Altahan Mahmoud Fatehy, Nower Mohamed
Central Laboratory for Environmental Quality Monitoring (CLEQM), National Water Research Center (NWRC), El-Qanater El-Khairia, 13621, Egypt.
Water Management Research Institute (WMRI), National Water Research Center (NWRC), El-Qanater El-Khairia, 13621, Egypt.
Sci Rep. 2023 Oct 9;13(1):17009. doi: 10.1038/s41598-023-44047-0.
The increasing demand for renewable and environmentally friendly energy sources is a top priority for many countries around the world. It is obvious that renewable solar energy will help to meet most of the energy demand in the coming years. A solar pond is a huge Salt artificial Lake that serves as a solar energy collection system. However, site selection is a critical factor that affects the effectiveness and lifetime of a solar pond. Here, we present an innovative methodology for site selection based on three environmental factors, including direct solar irradiance (DNI), temperature, and wind speed. Our approach uses Python programming and clustering analysis with several libraries, including Pandas, Geopandas, Rasterio, Osgeo, and Sklearn, to analyse and process data collected over a 30-year period from NASA power. This method was applied to the geographic boundaries of Egypt, but the methods can be applied to any spatial context if the same dataset is available. The results show that Egypt has a potential land area of 500 km suitable for solar ponds construction along the border with Sudan throughout the year, including 2000 km in winter (between January and March), 800 km in spring (between April and June), 900 km in summer (between July and September), and the largest area of 3700 km (between October and December), most of which is located in the south of the Eastern Desert and around the Nile River. Notably, the northwestern region, close to the Mediterranean Sea on the border with Libya, exhibits suitability for solar pond development, with consistent performance throughout the year. Our results provide an efficient way for GIS and data processing and could be useful for implementing new software to find the best location for solar ponds development. This could be beneficial for those interested in investing in renewable energy and using solar ponds as an efficient water treatment plant.

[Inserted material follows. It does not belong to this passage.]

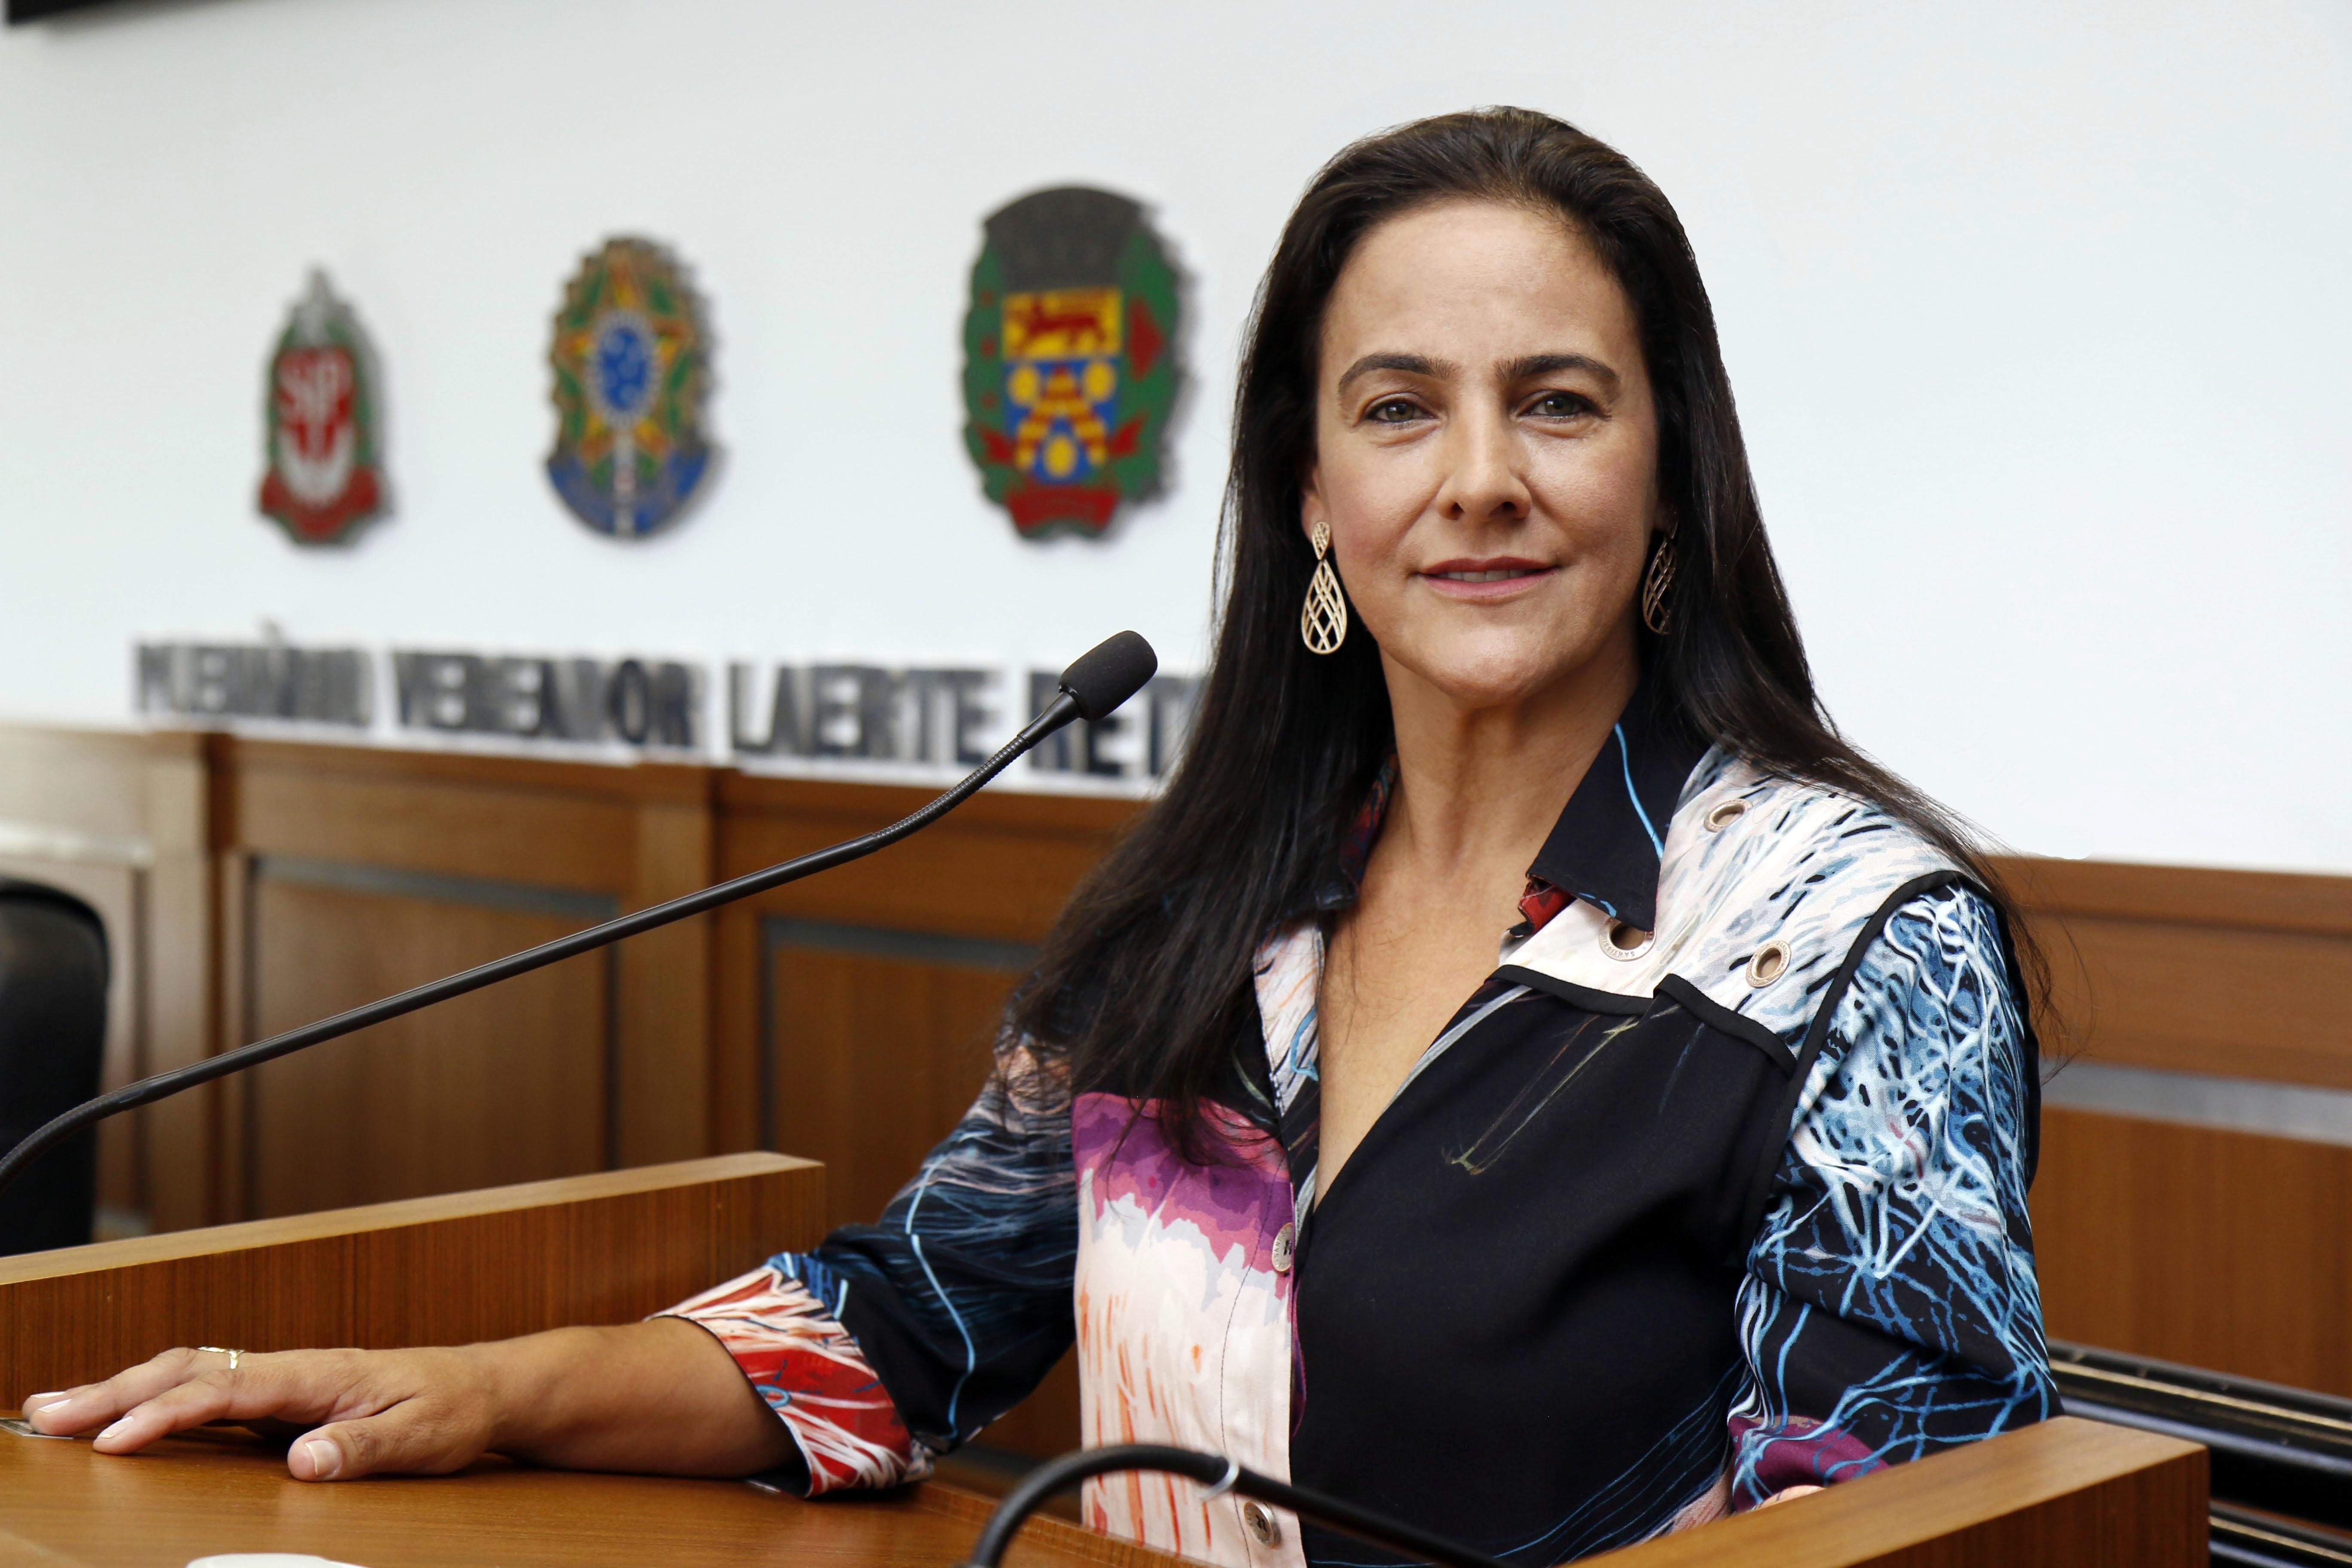 Tatiana Salles é a Primeira Mulher a Assumir a Presidência da Câmara nos Últimos 30 Anos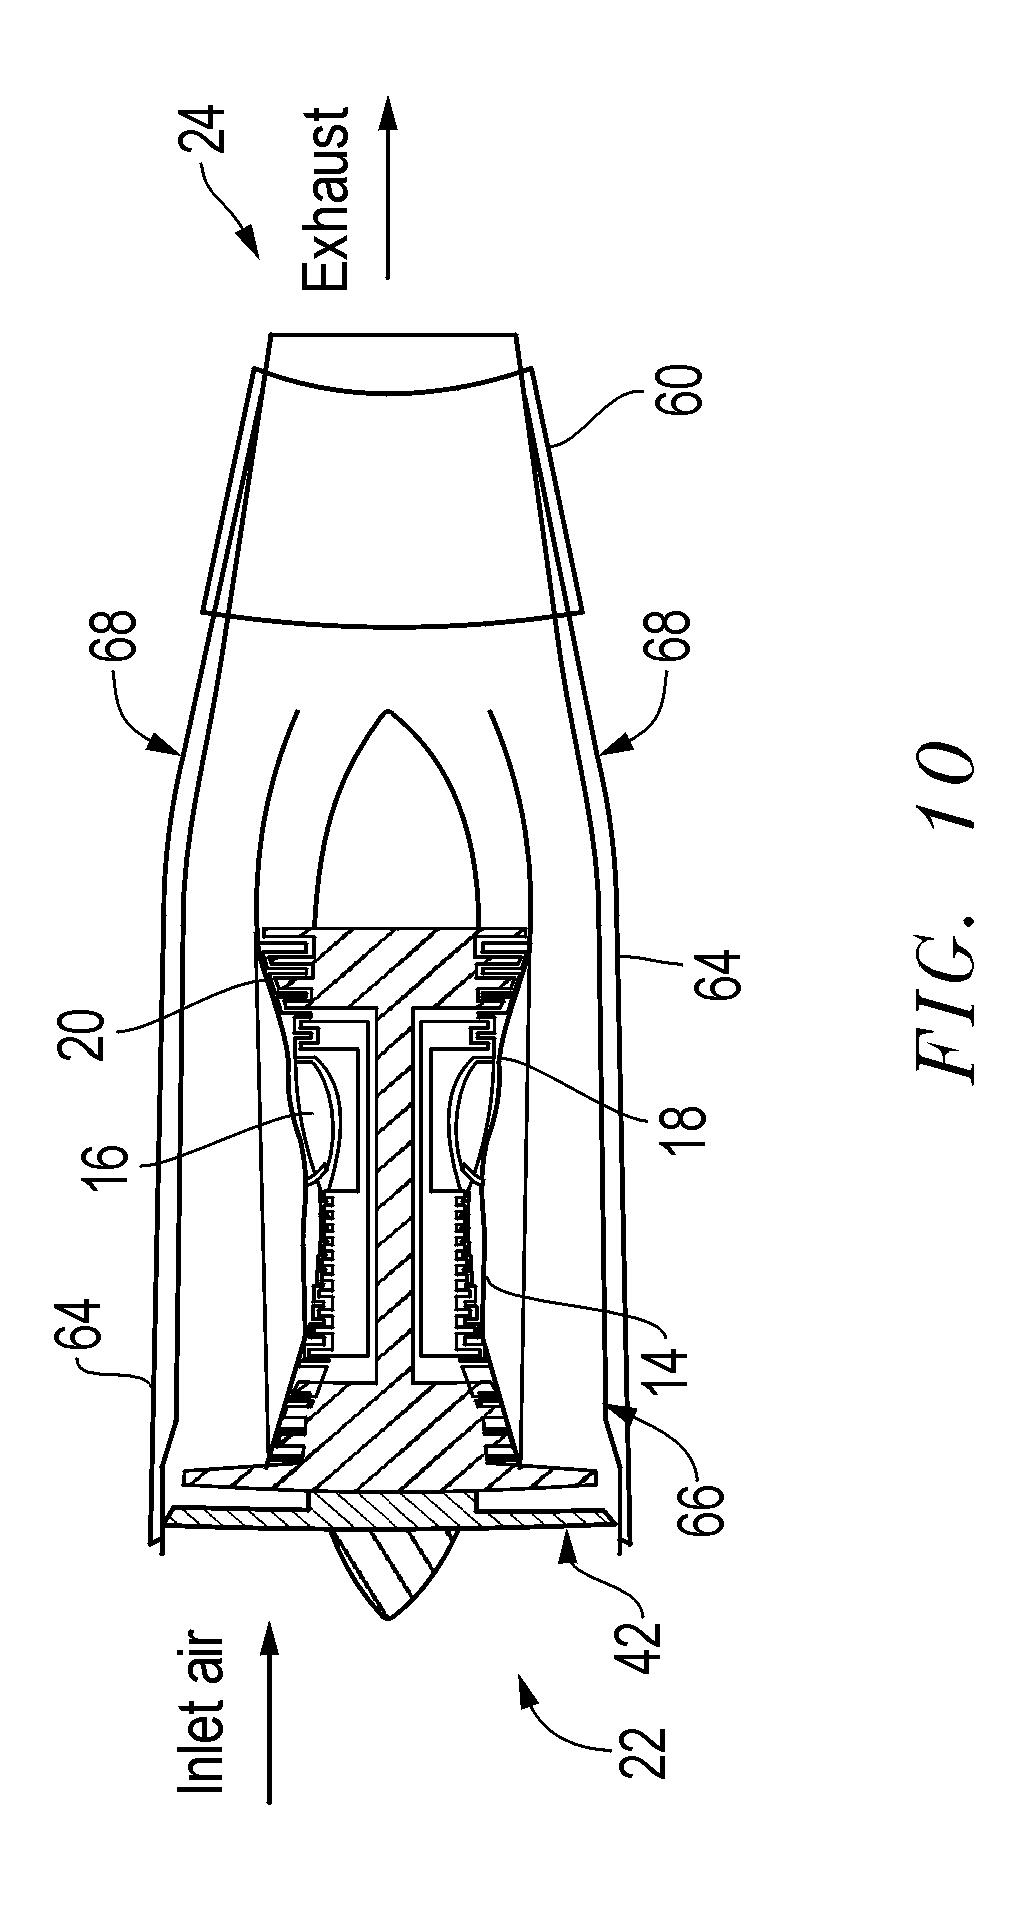 patent us7334409

对可再生和环境友好型能源的需求不断增加是世界上许多国家的首要任务。显然,可再生太阳能将有助于满足未来几年的大部分能源需求。太阳能池是一个巨大的人工盐湖,用作太阳能收集系统。然而,选址是影响太阳能池有效性和使用寿命的关键因素。在这里,我们提出了一种基于三个环境因素(包括直接太阳辐照度(DNI)、温度和风速)的创新选址方法。我们的方法使用Python编程和包括Pandas、Geopandas、Rasterio、Osgeo和Sklearn在内的几个库进行聚类分析,以分析和处理从美国国家航空航天局电力系统收集的30年数据。该方法应用于埃及的地理边界,但如果有相同的数据集,该方法可应用于任何空间背景。结果表明,埃及全年沿与苏丹接壤的边境有500平方公里的潜在土地适合建设太阳能池,其中冬季(1月至3月)为2000平方公里,春季(4月至6月)为800平方公里,夏季(7月至9月)为900平方公里,最大面积为3700平方公里(10月至12月),大部分位于东部沙漠南部和尼罗河周围。值得注意的是,靠近与利比亚接壤的地中海的西北地区显示出适合太阳能池开发的条件,全年性能一致。我们的结果为地理信息系统和数据处理提供了一种有效的方法,可能有助于实施新软件以找到太阳能池开发的最佳位置。这对那些有兴趣投资可再生能源并将太阳能池用作高效水处理厂的人可能有益。